Child FIRST (Child and Family Interagency, Resource, Support, and Training) is a home-based, psychotherapeutic intervention for children (birth to 6 years) and families, including expectant mothers. The program seeks to prevent or reduce children’s emotional, behavioral, developmental, and learning problems, and prevent or reduce abuse and neglect by their caregivers.
Child FIRST identifies children at risk of behavioral or learning problems and works with their families to address multiple risk factors such as poverty, trauma and exposure to violence, abuse and neglect, depression, substance use, and homelessness. Child FIRST is based on two core components: 1) a comprehensive and coordinated system-of-care approach to provide individualized support and services to the child and family, and 2) relationship-based approaches to enhance nurturing and positive development.

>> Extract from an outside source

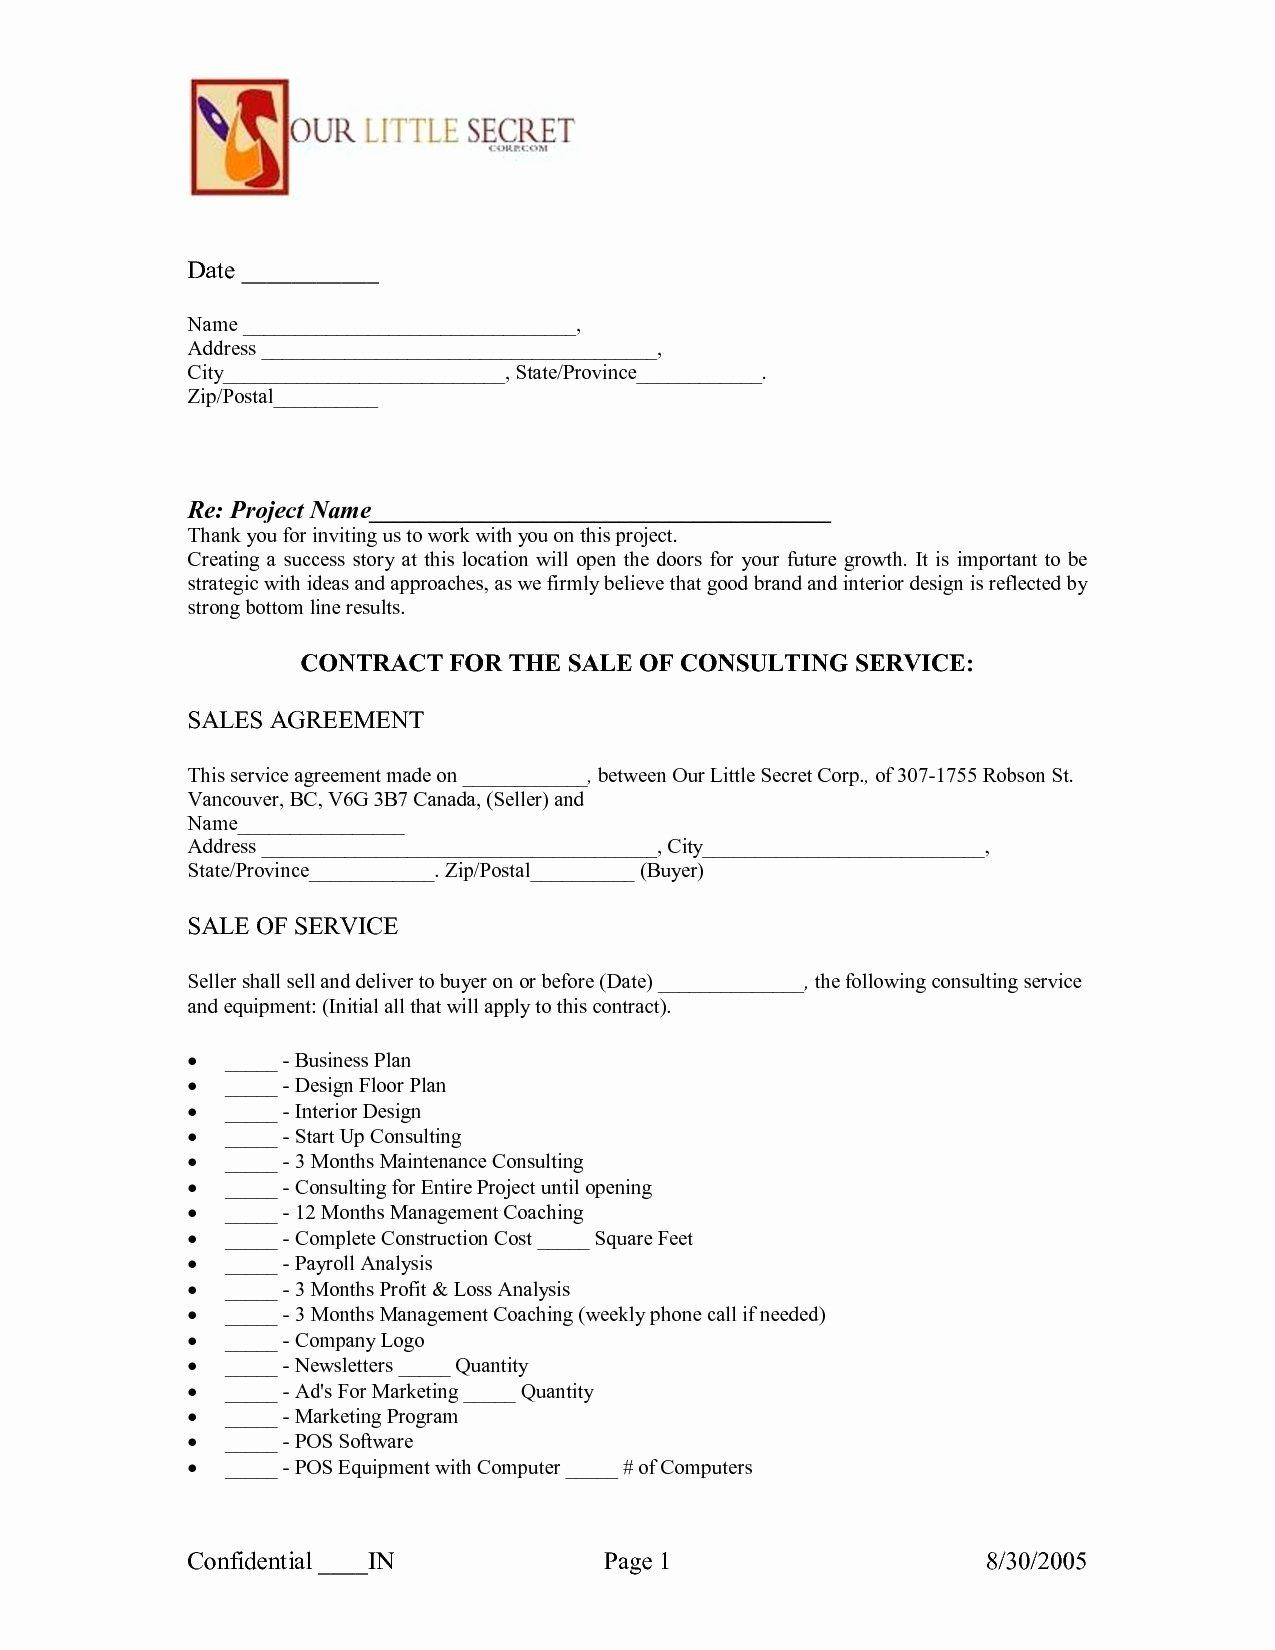 Interior Design Letter Of Agreement New Interior Design Contract Template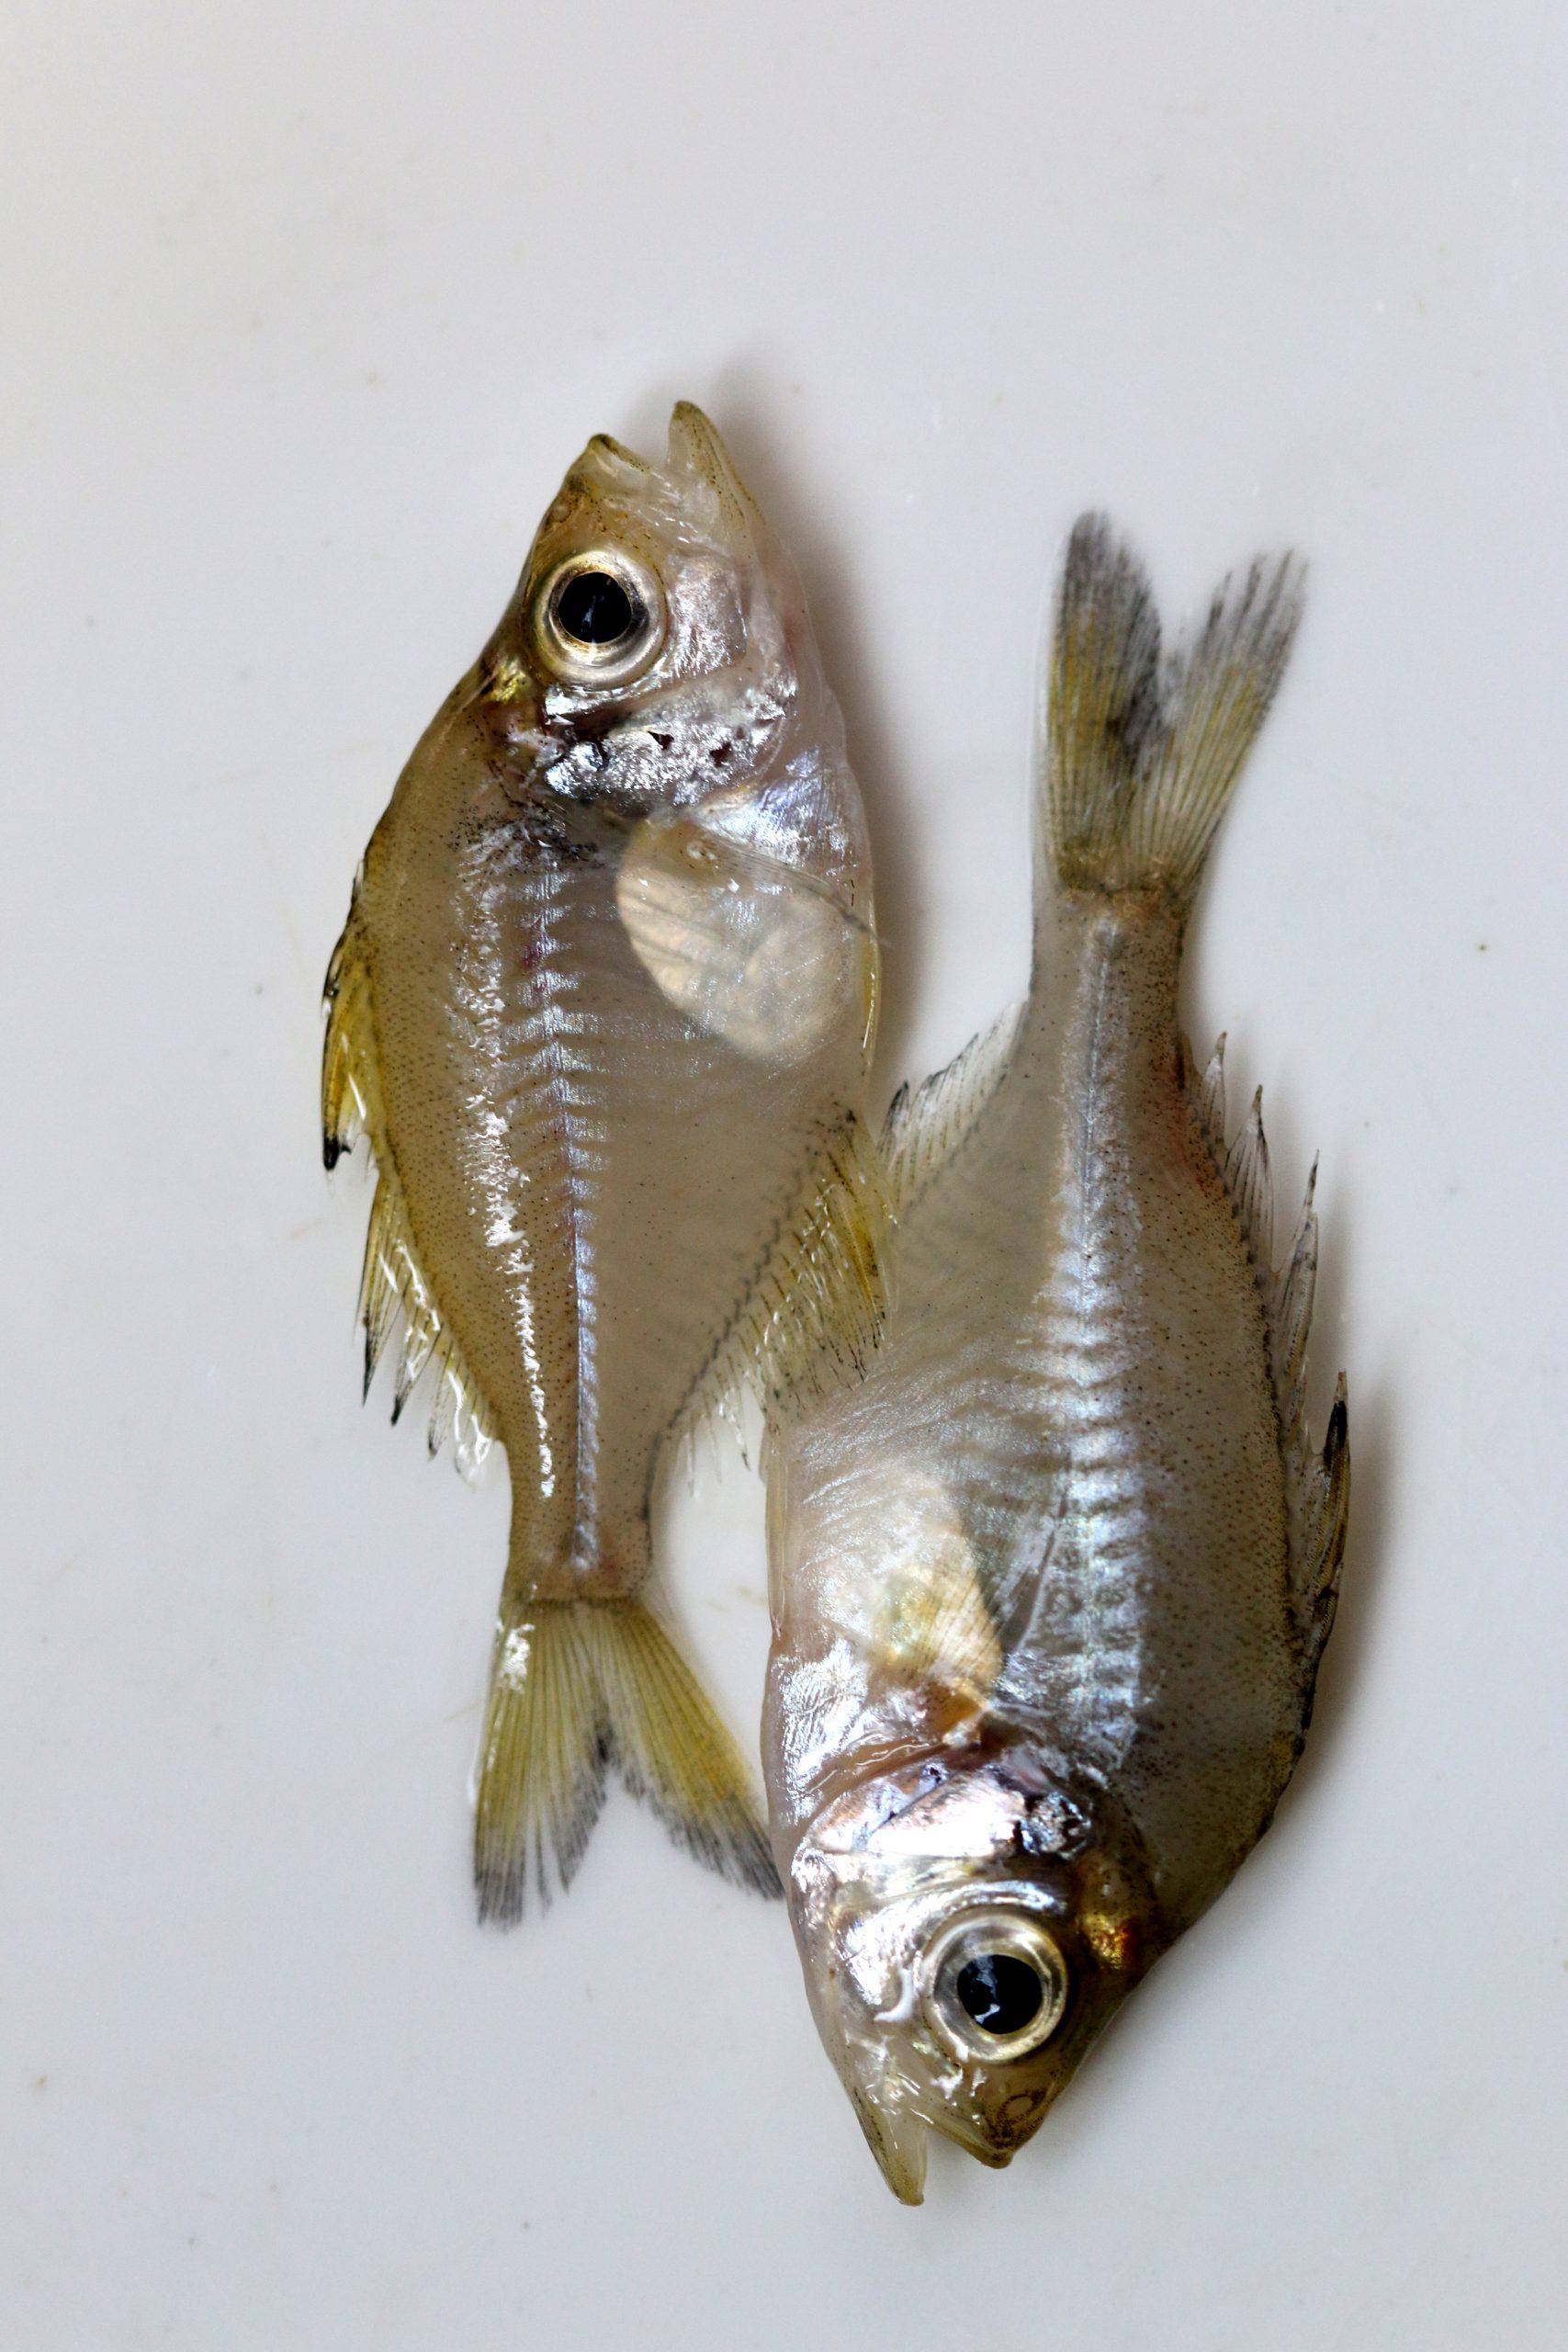 Small Fish on Focus

Child FIRST is delivered in the family home to increase engagement and participation. The program is provided by a two-member team, consisting of a care coordinator and a licensed mental health clinician, referred to as a child development specialist. Families and the Child FIRST team work together to develop a comprehensive plan that includes treatment activities and goals, supports, and services. The care coordinator connects families with community-based services addressing challenges relating to health, mental health, early childhood, and education, and with other social supports. The clinician is trained to provide trauma-informed, child–parent psychotherapy to build parenting skills and develop a more nurturing and responsive relationship between the parent and child.
The Child FIRST team works with families for 6 to 12 months through home visits of between 60 to 90 minutes. During the first month of the intervention, the assessment phase, the Child FIRST team makes twice-weekly home visits. During the remaining months of the intervention phase, one or both of the Child FIRST team members conduct weekly home visits or more, as needed.